1. Two states that agree to have jurisdiction 2. Treaty can bring compulsory jurisdiction 3. The optional clause: compulsory jurisdiction an out in design. Court doesn't have compulsory jurisdiction unless you accept the founding agreement that your state allows jurisdiction.
ICJ: only cases dealing with states Functions: 1. Dispute settlement SUBMITTED BY STATES Judgments of the court are binding. 2. Advisory Opinions BY INTERNATIONAL ORGANS AND AGENCIES. Advisory opinions not binding.
Composition -Current court makeup Judges: 5 members of the Security Council can only have 1 from each state: 15 total. Currently, all BRIC countries, Somalia? Judges are supposed to be independent and not represent interests of their own countries. Raises questions of power? General Assembly and Security Council approves judges...
Enforcement: Enforcement: Security Council can make recommendations No enforcement, but not a problem.
New Courts (Not ICJ, other courts such as WTO court,): Dispute settlement: ICs adjudicate legal disagreements between contracting parties, helping the two sides resolve disagreements that turn on definitions of law.
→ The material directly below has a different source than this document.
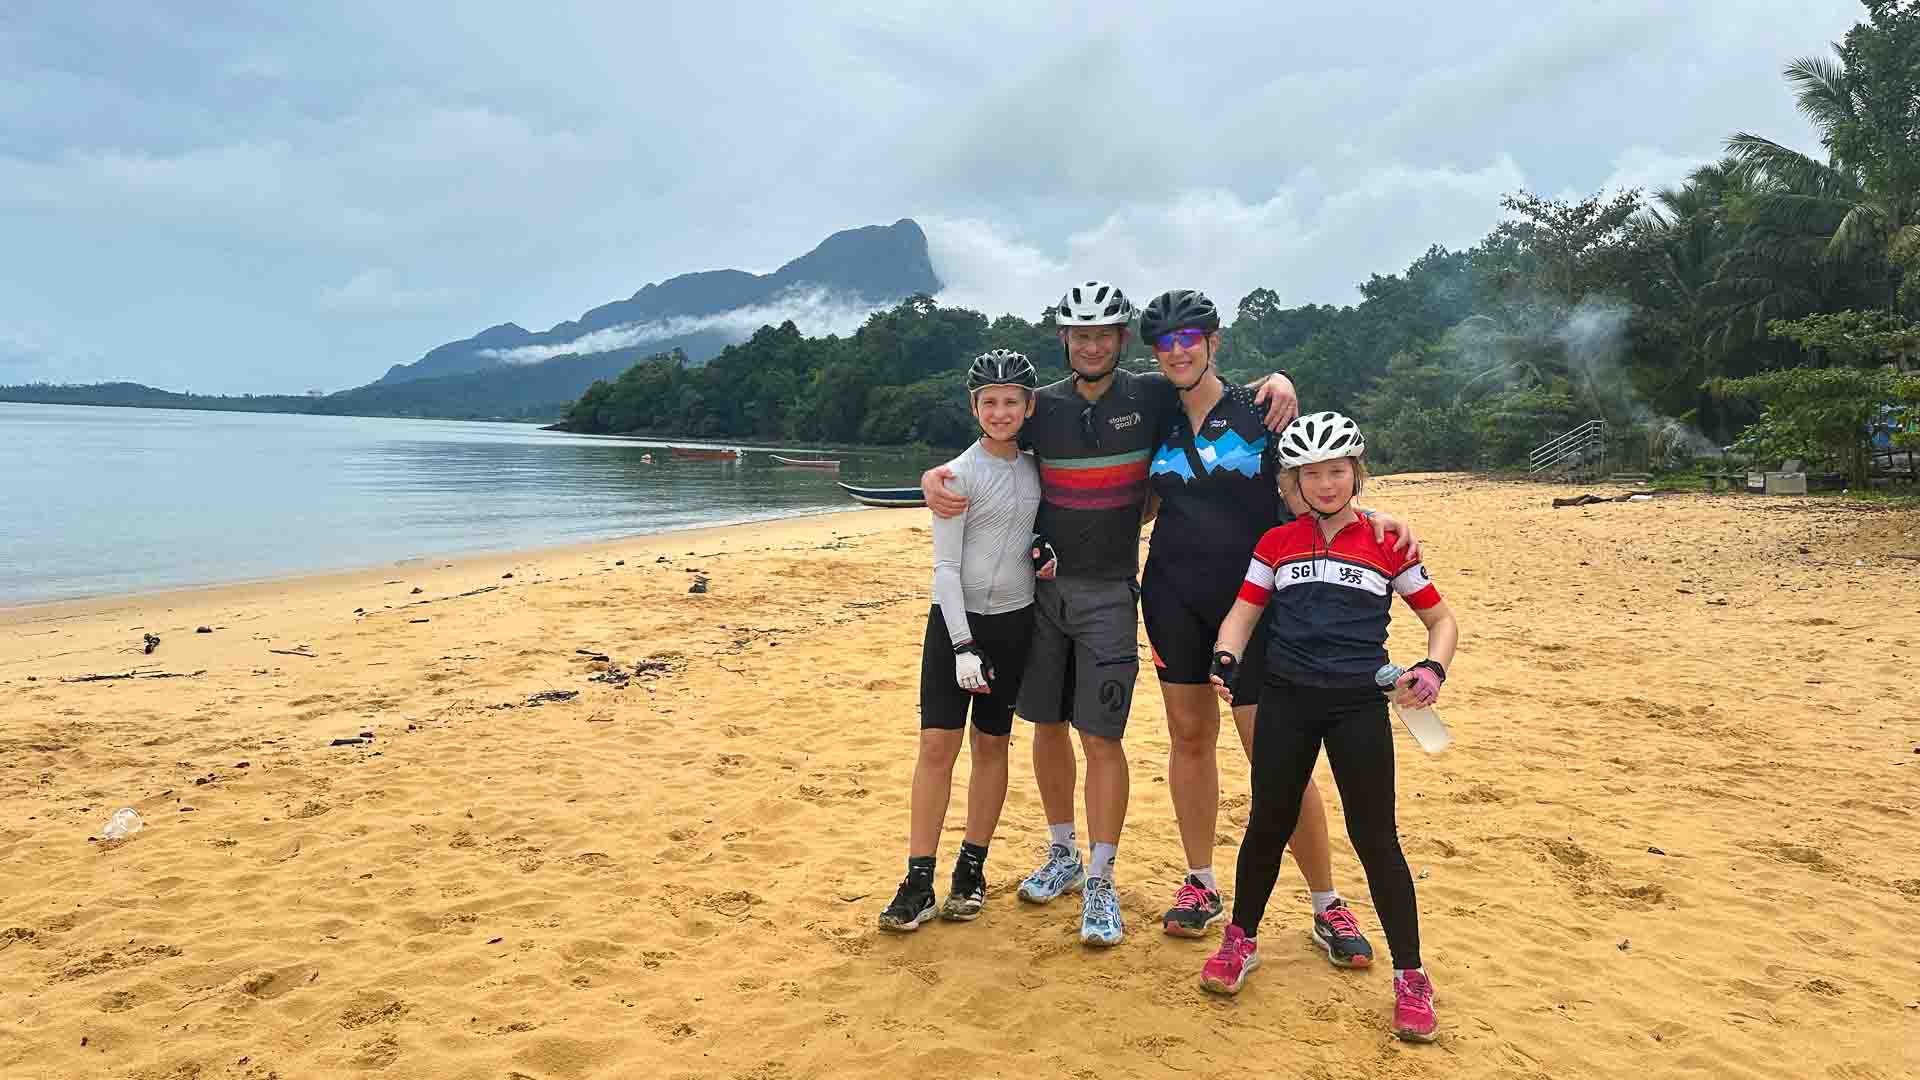 Group of cyclists on a beach in Borneo
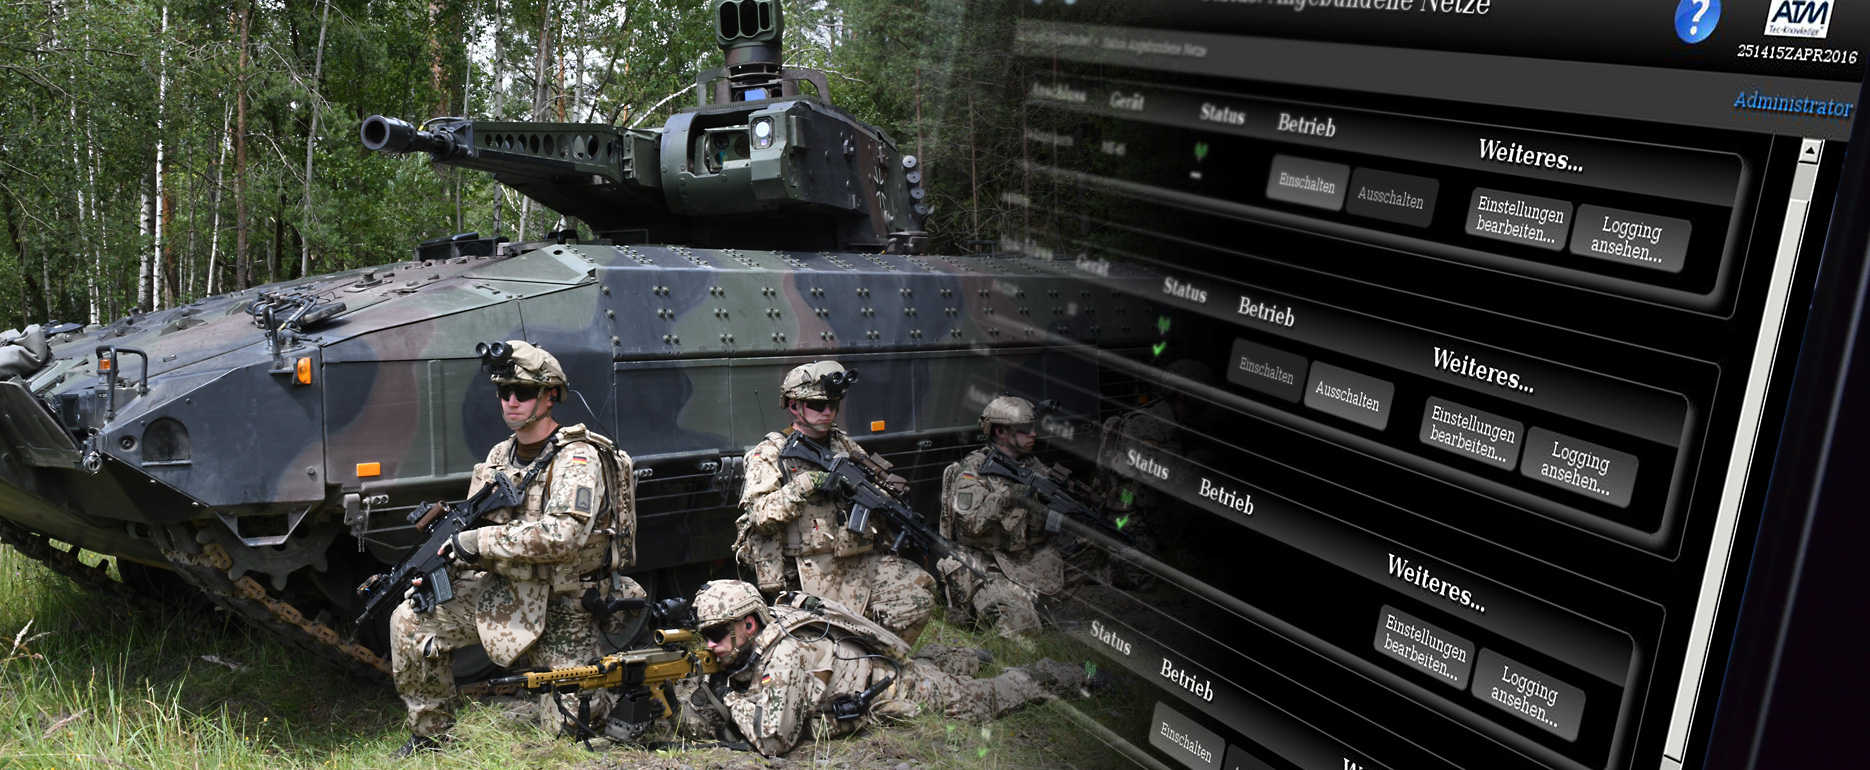 A platoon of soldiers in front of the PUMA infantry fighting vehicle and software interface

Administrative review: ICs review the legal validity of contested administrative decisions, creating legal remedy for the subjects of those decisions. Enforcement: ICs in their enforcement role assess state compliance with an international agreement, naming violations of the law and thereby increasing the costs of noncompliance. Constitutional review: ICs hold international and state actors accountable to constitutional procedural and rule of law expectations, invalidating legislative acts that conflict with higher order legal requirements.
Jurisdiction: 24 ICs, 80% have compulsory jurisdiction
Design Changes 1) Compulsory jurisdiction: when you can bring complaints against other states Is it good? Yes without CJ the ICs are influenced by powerful states. CJ might make courts more independent Weak states can sue rich states 2) Non-state actors Allow court to be more independent of states. The two design changes work together, Source of power for International Judges
ICC
International criminal law is a new thing. After ww2, took 50 years until ICC.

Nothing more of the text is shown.